The UEFI firmware does not own page tables after ExitBootServices(), so the OS would have to relax protection of runtime code pages across SetVirtualAddressMap(), or delay setting protections on runtime code pages until after SetVirtualAddressMap(). OS may set protection on runtime memory based upon EFI_MEMORY_ATTRIBUTES_TABLE later.

Size Overhead

  1. Runtime memory overhead (visible to OS) : The size overhead of the runtime PE image is the same as the overhead of the SMM PE image. If a platform has n runtime images, the average amount overhead is 6K * n.
  2. Boot time memory overhead (invisible to OS) : The size of the overhead for the boot time PE image is the same as the overhead of the SMM PE image. If a platform has n boot time images, the average overhead is 6K * n.

If the NX protection for data is enabled, the size of the page table is increased because we need set fine granularity page level protection.

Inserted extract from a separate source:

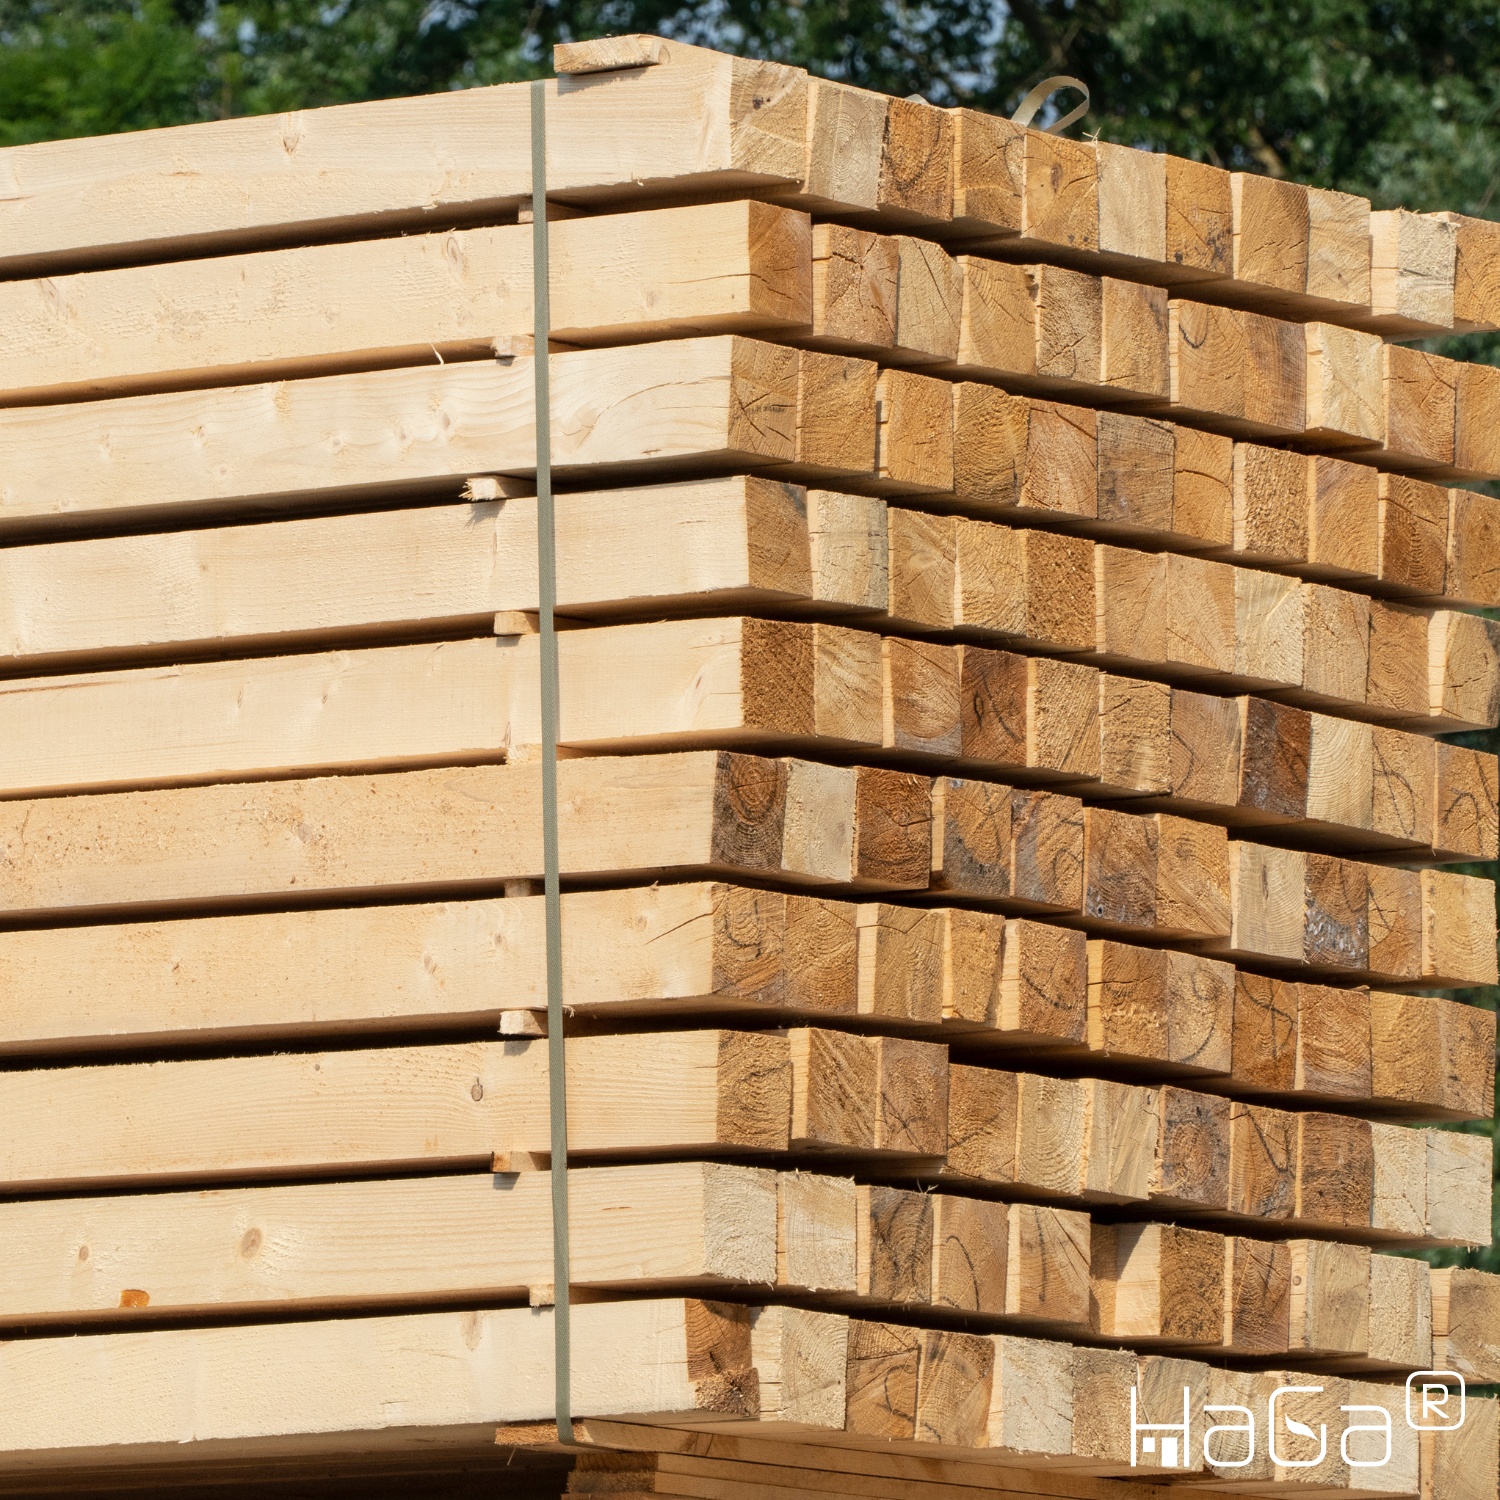 Holzpfosten 7cm x 7cm x 180cm KDI-grün Kantholz Pfosten für Gartenzaun

The size overhead of the boot time page table is also same as for the SMM static page table. Please refer to the SMM section for the size calculation based upon the 1G paging capability and max supported address bit.

Limitation

The protection in the UEFI is limited to the PE image and the stack at this moment because of the compatibility concerns. The limitations of the UEFI memory protection are:

  1. Not all images are protected to be NX and RO. The protection is based upon the policy.
  2. Not all heap regions are protected to be NX due to the compatibility concern. We observed that both Windows boot loader and Linux boot loader may use the LoaderData type for the code. The heap protection is based upon the policy.
  3. [Same as SMM] The protection cannot resist ROP attack.
  4. [Same as SMM] Not all important data structures are set to ReadOnly.

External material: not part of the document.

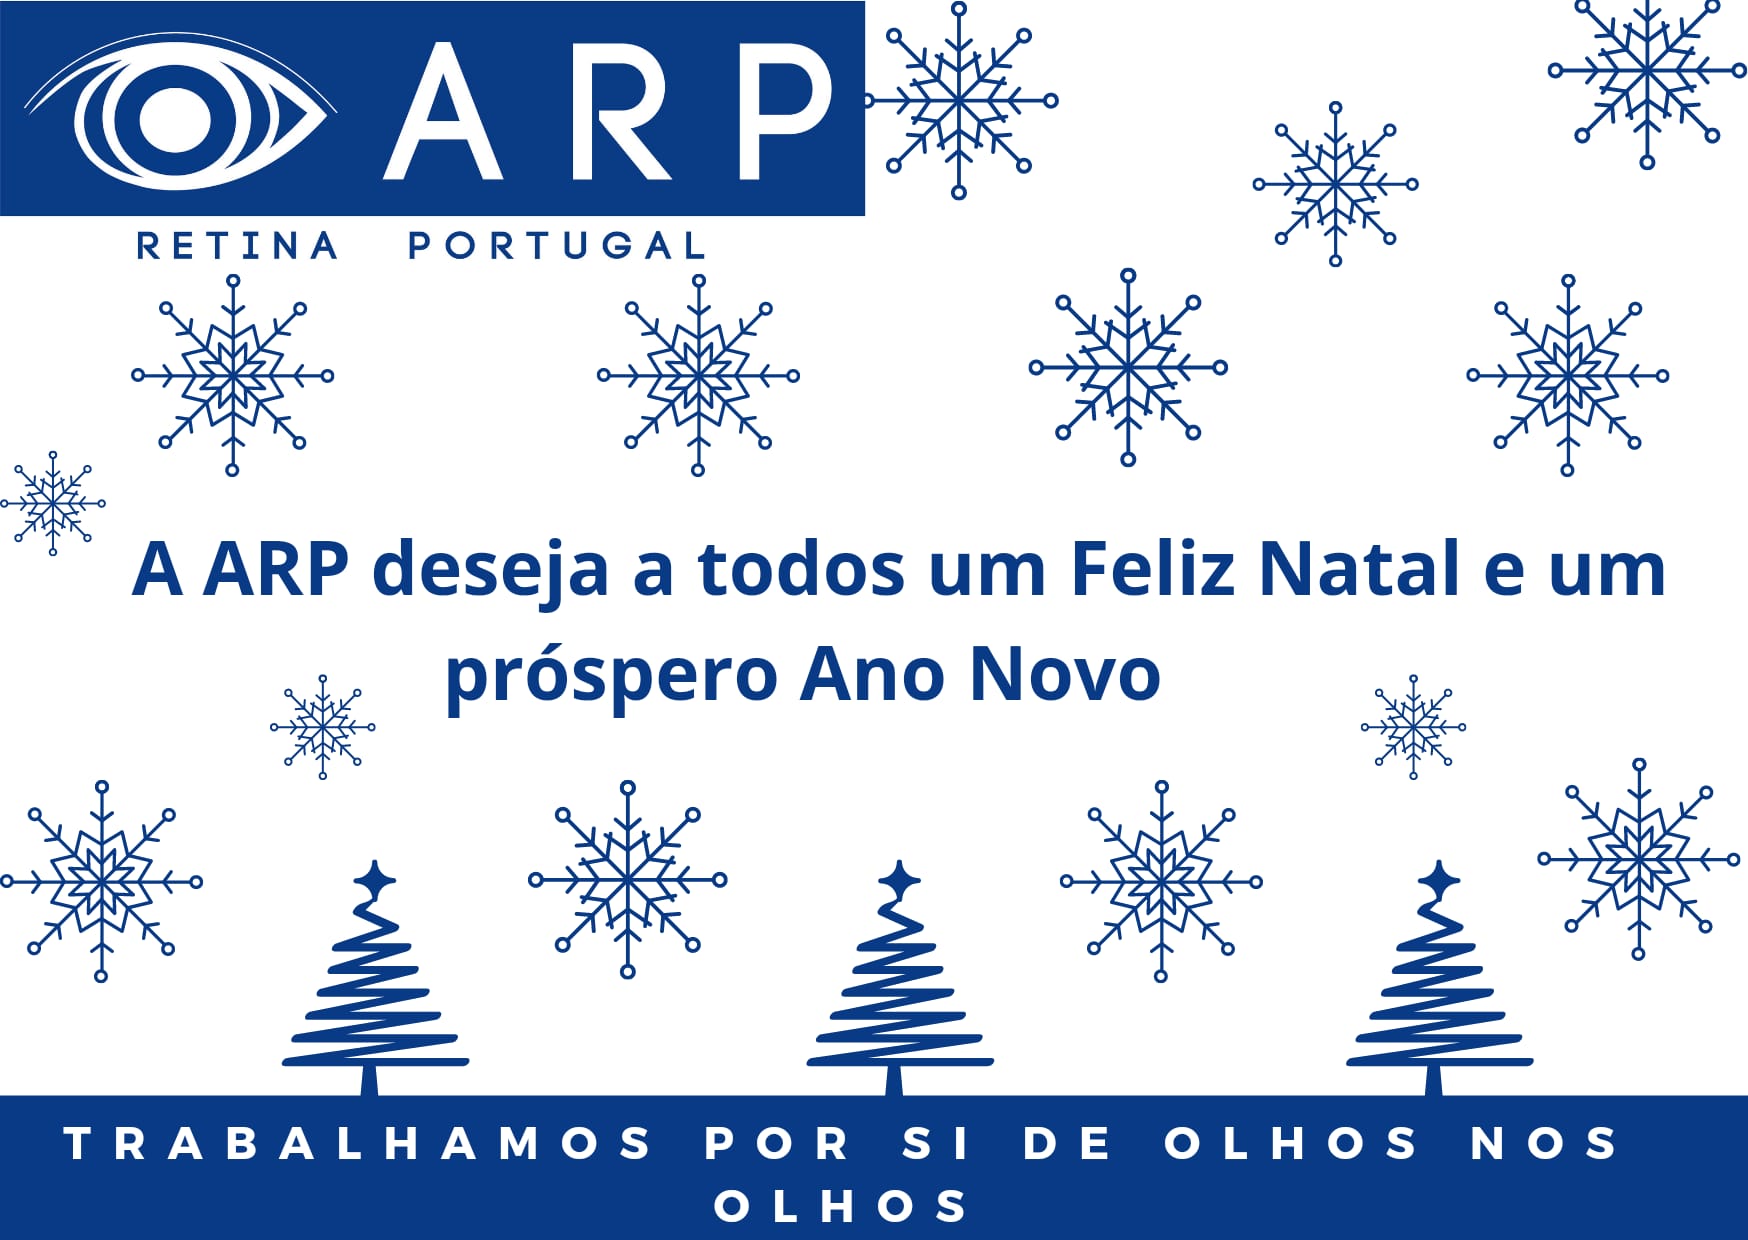 A ARP deseja a todos um Feliz Natal e um próspero Ano Novo.

Compatibility Consideration

A platform may need to evaluate and select the image protection policy based upon the capability of the platform image, Option ROM, and OS loader. For platform images, the Compatibility Support Module (CSM) and the EDK-I Compatibility Package (ECP) modules should be considered. If a platform observes the compatibility issues, it should choose 1) to disable the protection, or 2) to fix the compatibility issue and enable the protection.

Call for action

In order to support UEFI memory protection, the firmware need configure UEFI driver to be page aligned:

  1. Override link flags below to support UEFI runtime attribute table, so that OS can protect the runtime memory.
    [BuildOptions.IA32.EDKII.DXE_RUNTIME_DRIVER, BuildOptions.X64.EDKII.DXE_RUNTIME_DRIVER]
    MSFT:*_*_*_DLINK_FLAGS = /ALIGN:4096
    GCC:*_*_*_DLINK_FLAGS = -z common-page-size=0x1000
    
  2. Override link flags below to support UEFI memory protection.
    [BuildOptions.common.EDKII.DXE_DRIVER,
    BuildOptions.common.EDKII.DXE_CORE,
    BuildOptions.common.EDKII.UEFI_DRIVER, BuildOptions.common.EDKII.UEFI_APPLICATION]
    MSFT:*_*_*_DLINK_FLAGS = /ALIGN:4096
    GCC:*_*_*_DLINK_FLAGS = -z common-page-size=0x1000
    
  3. Evaluate if the UEFI memory size is big enough to hold the split page table.

  4. Evaluate if the DXE image can be protected.

  5. Set proper gEfiMdeModulePkgTokenSpaceGuid.PcdImageProtectionPolicy.

  6. Set proper gEfiMdeModulePkgTokenSpaceGuid.PcdDxeNxMemoryProtectionPolicy.

Summary

This section introduces the memory protection in UEFI.